Cb Connect 2018 | Power of You | Register Now

The Eighth Question Today’s CEOs Should Ask (& Know the Answer To)

Rick McElroy
March 23, 2018 / Rick McElroy

In a previous blog, we discussed Commander’s Intent for CEOs and introduced 10 questions CEOs should be asking their teams.

In this blog series, I am going to take a deeper dive into each question and break them down one at a time. We will discuss why CEOs should care about each question and the type of answers teams should be providing.

This week we tackle the question:

“Do we have an ongoing, continuous assessment and improvement plan?”


Perfection is not attainable. But if we chase perfection, we can catch excellence.”     

Vince Lombardi


Continuous improvement seems like common sense for any function but after meeting with teams all over the world, I can say it isn’t that common. 

For a security function to be successful, there should be a process for continuous improvement. This could arguably be the trait that separates successful programs from ones that aren’t. Too often, security becomes rigid without a loop for improvement.

As your organization grows and evolves, so must your cybersecurity program. Risks, threats and vulnerabilities change over time. Business models change. All of these factors matter for a program to evolve and constantly improve.

The inputs to security assessments vary and can be built internally. There are also plenty of qualified external entities that can help assess the program and put a plan in place for continuous improvement.

Steps to creating a culture of continuous improvement:

1) Set goals for excellence and measure against them.

For cybersecurity to be successful, the mission of the program, goals, and success metrics should be agreed upon and reported on regularly. Maturing your program will take a steady hand and patience at your level. Changing missions or strategies too often is a sure way to miss any security goal you have.

2) Eliminate fear

For continuous improvement to be successful, your organization needs a culture where failure is OK. If your employees are afraid to bring up issues, you will never improve. Employees also need to feel like management is addressing failure when it occurs. Having a great process in place with a feedback loop to improve will ensure a culture that minimizes fear and maximizes improvement. It’s also amazing for employee engagement.

3) Actively manage the process

As with any process, continuous improvement should be managed. The outputs of managing this process may include both tactical and strategic efforts. Your team should have a process to manage and report up to appropriate levels on these efforts.  
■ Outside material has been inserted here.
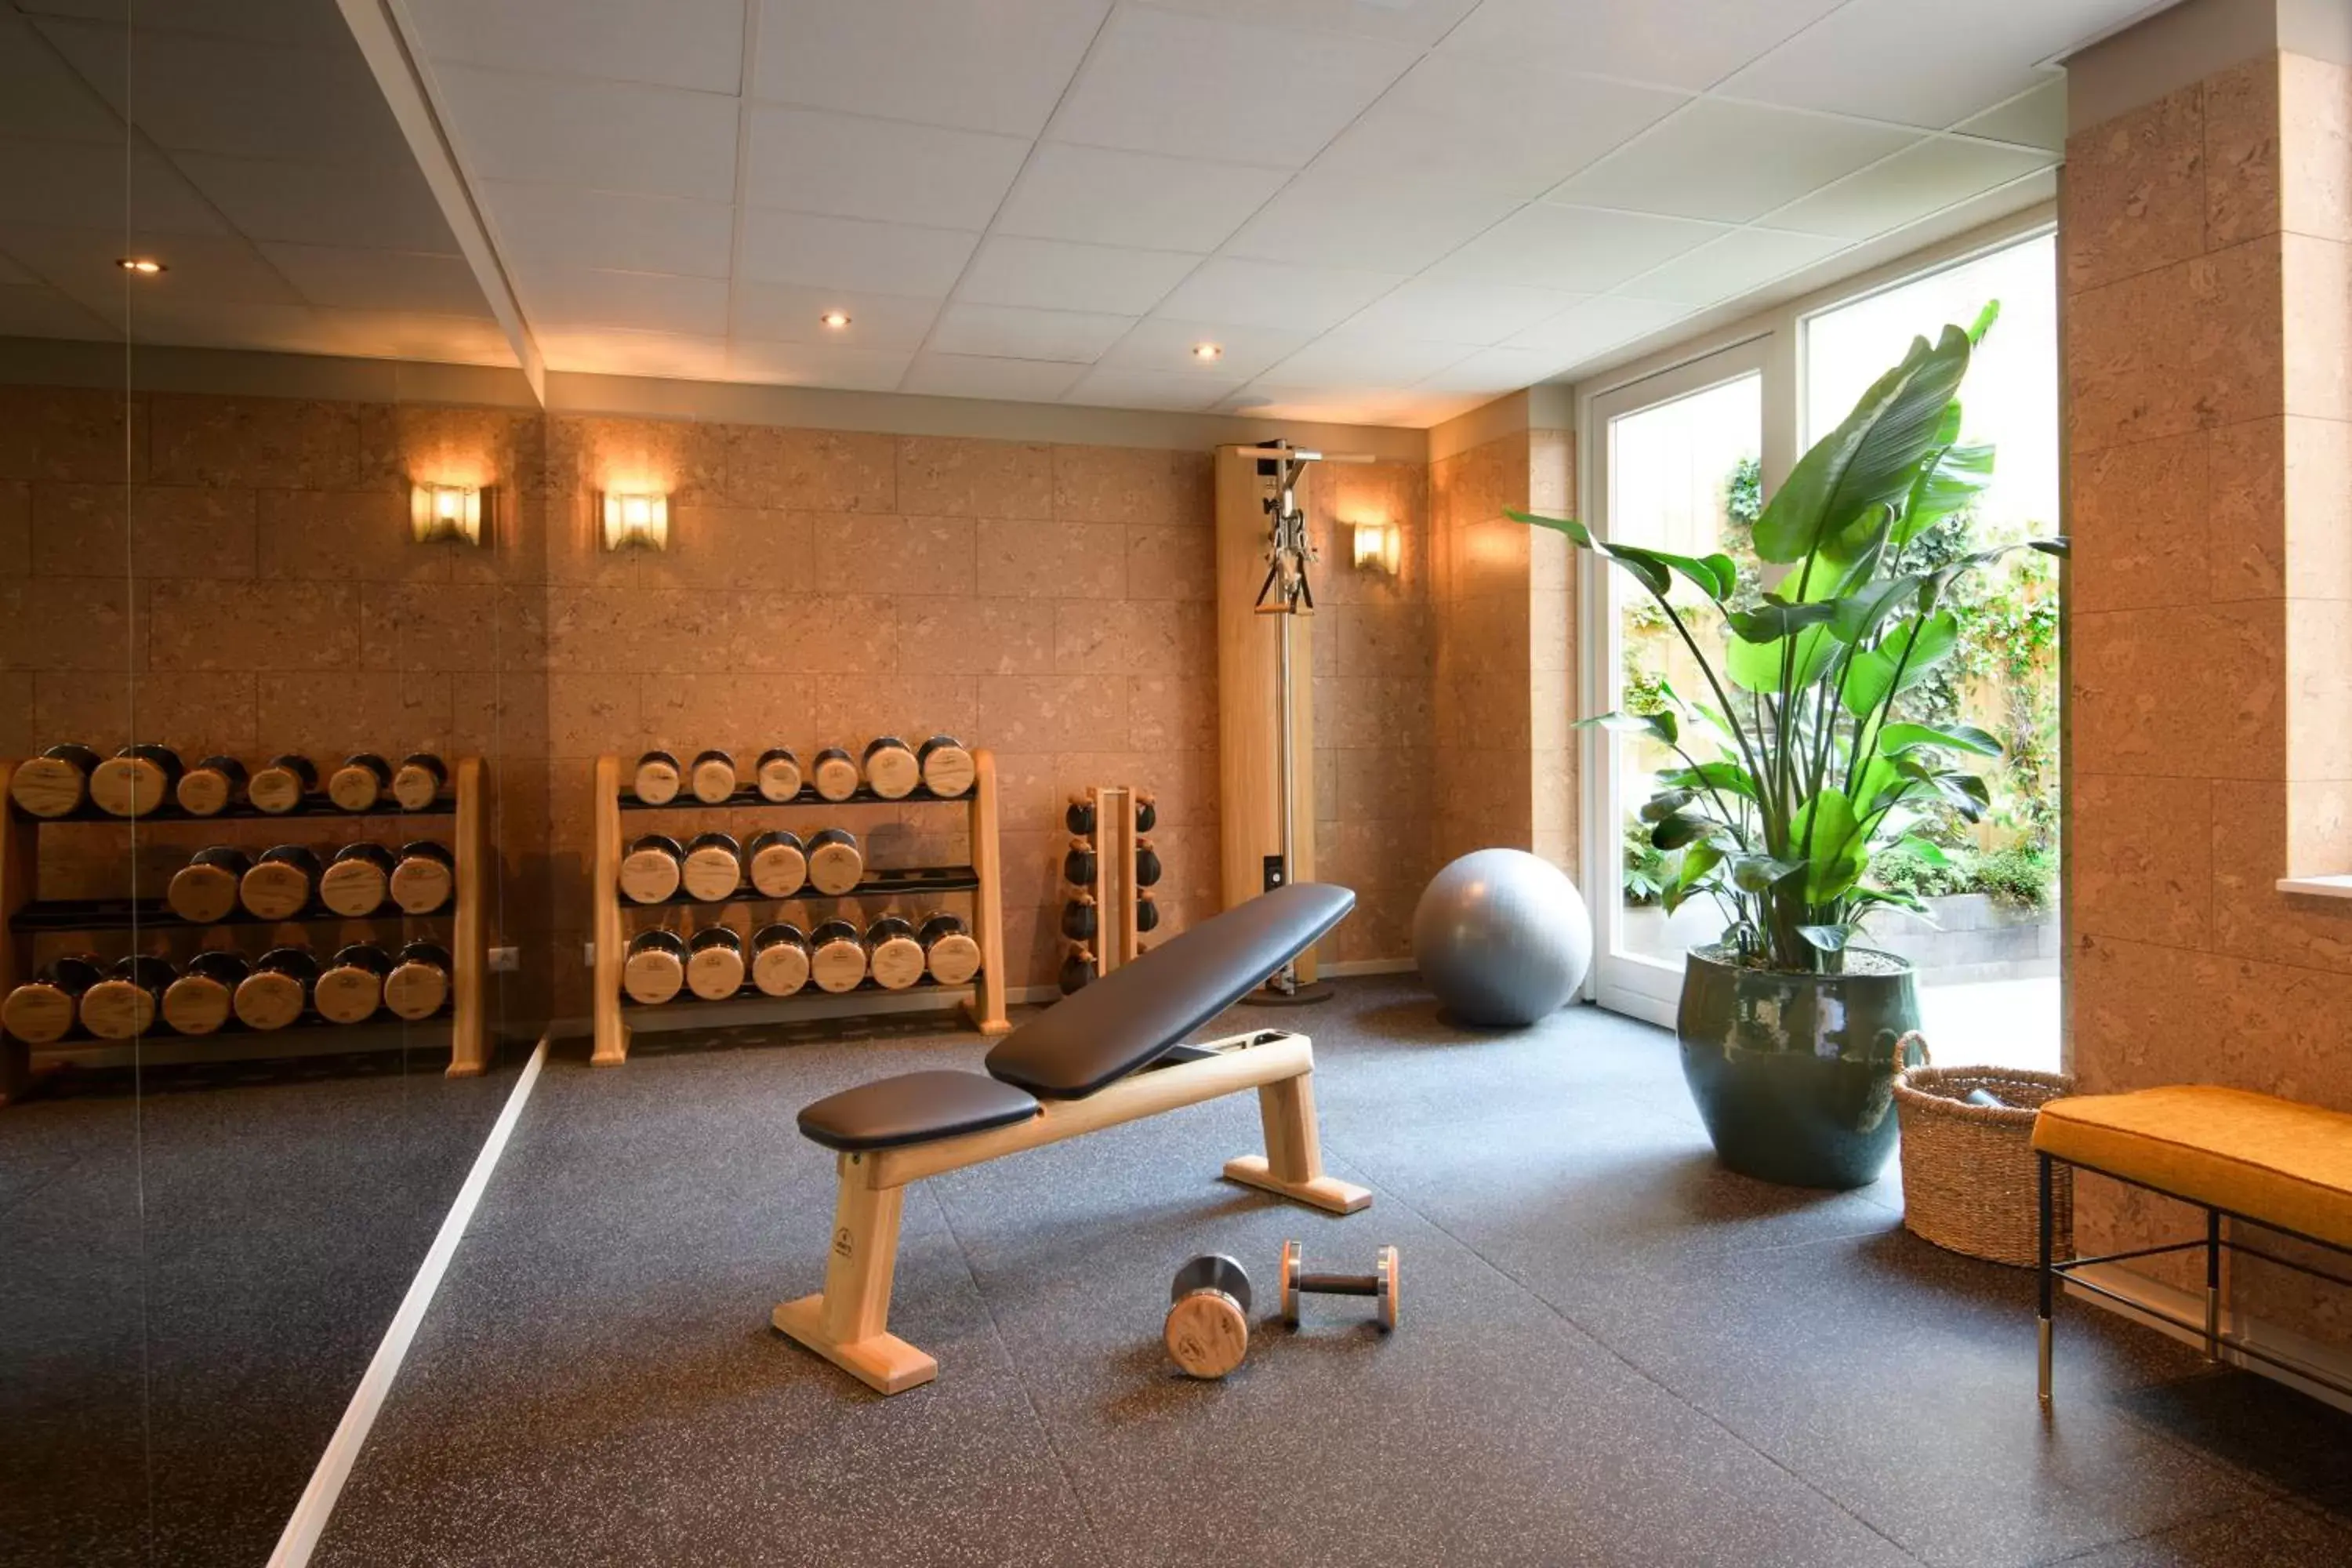 Fitness centre/facilities, Fitness Center/Facilities in Jan Luyken Amsterdam

4) Train and develop leaders with the same mindset for improvement

Leaders in your organization should be trained on improvement techniques and best practices. They should also be rewarded for offering improvement suggestions and, more importantly, for executing on the efforts needed to improve. These types of employees and leaders should be developed and retained to maximize the continuous improvement cycle at your organization.

5) Focus on fixing..not blaming

Far too often, we see CISOs and cybersecurity leaders being blamed and/or replaced as the result of a failure. This has to stop. What other function in an organization is held to the standard of needing to be 100% right all of the time? In almost every case, a breach is systemic and there are multiple points along the timeline that lead to the breach. 

Creating a culture that focuses on improvement versus blame will create a ripple effect in your organization allowing leaders to operate more freely. Things will happen. Acknowledge that failures will happen. Acknowledge that people will make mistakes. It’s not what happens when someone makes a mistakes or when something fails but how your organization responds.

Cybersecurity isn’t about perfection. It’s about failing fast, iterating, and constantly improving.